A distinguished professor of law at York University in Canada, Mandel was involved in a celebrated but unsuccessful attempt to get the ICTY's prosecutor to open an investigation against NATO commanders and leaders for their illegal bombing campaign against Yugoslavia in 1999. His account of the functioning of the two ICTY prosecutors — Louise Arbour and Carla del Ponte — and some of its judges provides a shocking insight into the arbitrary and politicised nature of the tribunal.
This is hardly surprising since both prosecutors had been pre-screened by the U.S. and the Security Council. Ms. Arbour refused to even countenance complaints that the killing of civilians by NATO bombs was a violation of the ICTY statute. Ms. del Ponte was little better. She appointed a committee to look into incidents like the deliberate attack on the RTS radio and television station in Belgrade and the bombing of a passenger train on the Grdelica bridge in Serbia — incidents that Amnesty International labelled war crimes. The NATO refused to reply to any questions put to it but that did not prevent the committee from coming up with a predictable report declaring there was no need for the ICTY to open an investigation against the U.S.-led military alliance. Its main argument: it found the explanations given by NATO press releases and statements during the war to be credible!
State of justice
Though the ICTY and NATO's aggression against Yugoslavia form the core of Mandel's highly readable and meticulously referenced book, he too surveys the state of international justice and comes up with assessments broadly similar to those of Kochler.
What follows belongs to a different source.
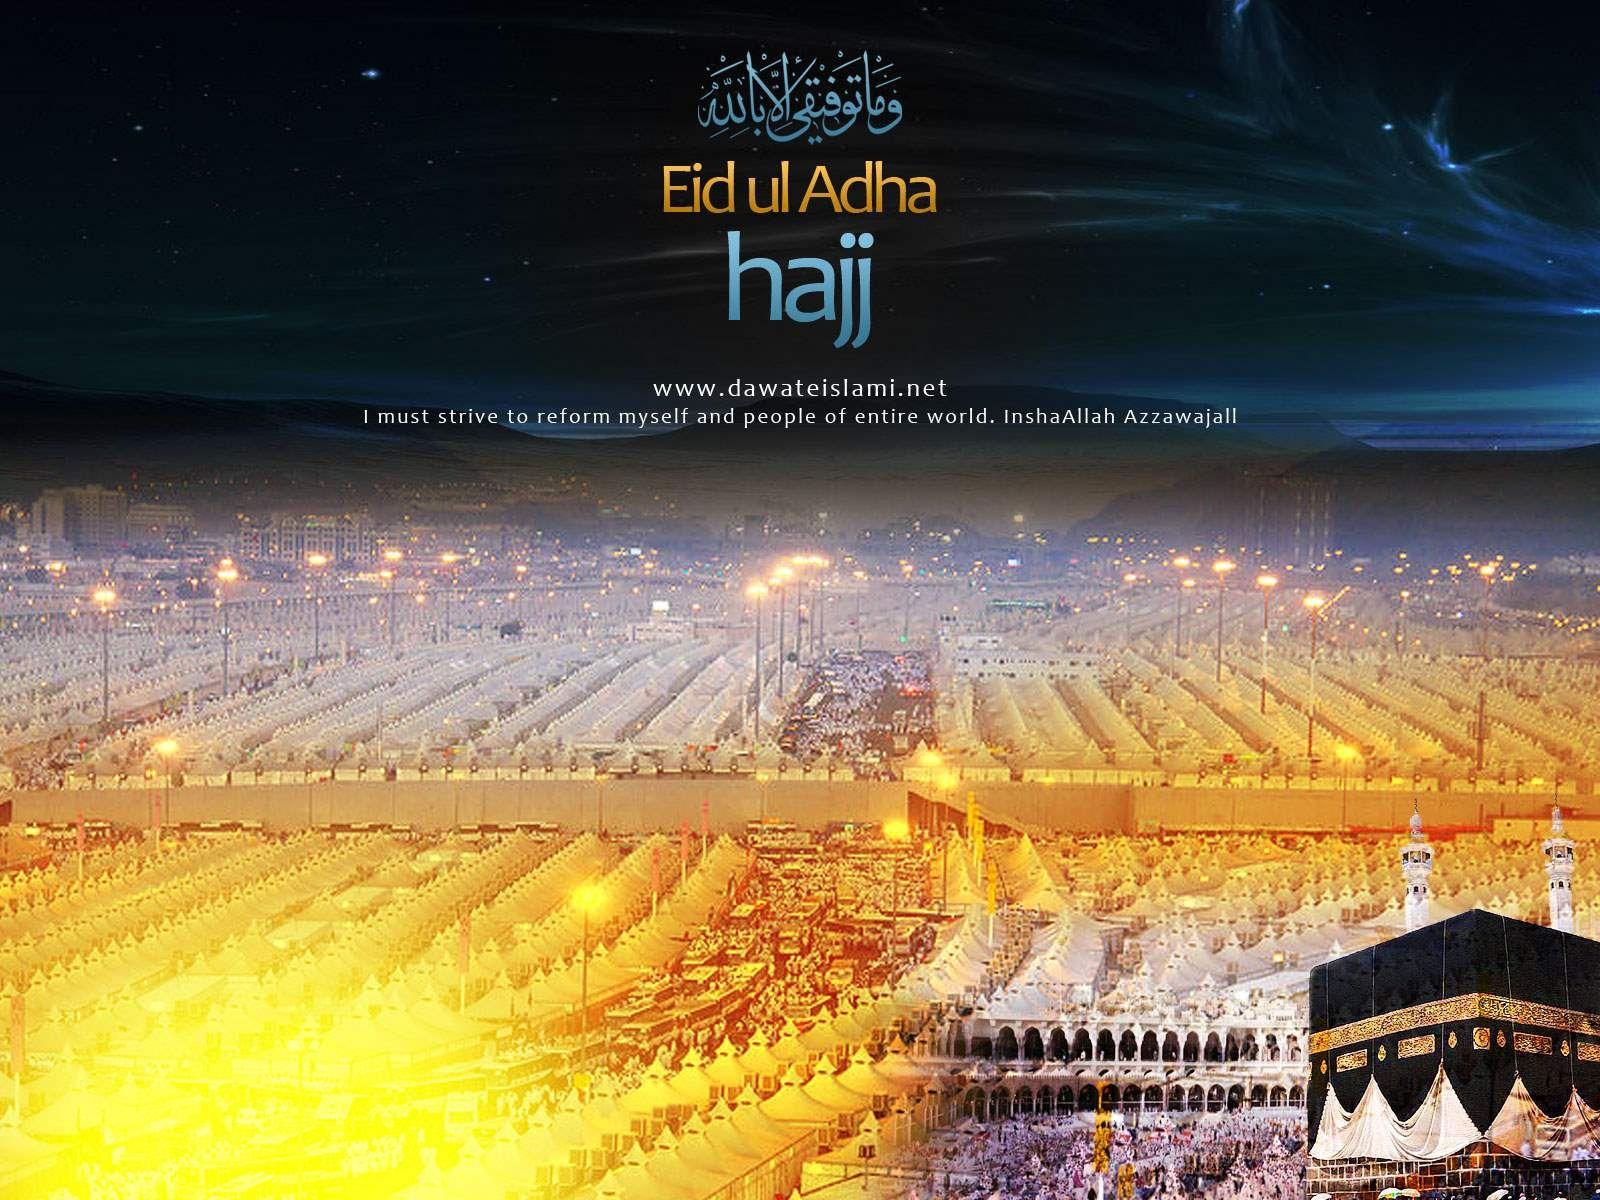 Hajj Eid Al Adha 2015 Hd Wallpapers And Greeting Cards Hamid

On the ICC, however, Mandel is less sanguine, emphasising the numerous compromises that were made in the negotiation of the Rome Statute to accommodate the concerns of the U.S. Indeed, he says the whole drive for international criminal justice has been "very good at legitimating war and bad at promoting peace."
Kochler recognises the shortcomings but nevertheless argues that it is only the ICC which is capable of delivering impartial justice. "The ICC is the maximum achievable within the present world power politics, which is why the U.S. opposes it." Washington's primary concern is to ensure its leaders, soldiers and citizens are never hauled up before the court. Despite not being a party to the ICC, however, the court's jurisdiction would apply to U.S. nationals accused of violating its statute on the territory of countries which are a party to the court.
It is this "principle of territoriality" which gives the court some bite. Had Iraq been a signatory to the ICC, the illegal U.S. invasion in 2003 would still not have been covered because the crime of aggression was left undefined. However, U.S. forces could theoretically have been hauled up before the ICC for their numerous violations of the laws of war.
For both Kochler and Mandel, the U.S. notion of sovereign immunity is not compatible with modern international law. Writes Kochler: "The U.S. engages in an inconsistent policy of insisting on the immunity of its leaders for acts of state everywhere, while demanding the prosecution of foreign leaders for war crimes committed in exercise of their official functions."
The key lesson is that universal jurisdiction can only be exercised in a framework that is itself universal, hence Kochler's support for the ICC. But he adds that there must be proper rules and procedures, unlike the ICTY which allows judges from countries which waged war against Yugoslavia to stand in judgment against that country's leaders. The statute of the ICC represents "only an imperfect separation of the court's judicial powers from executive authority including that of individual states but most importantly the Security Council."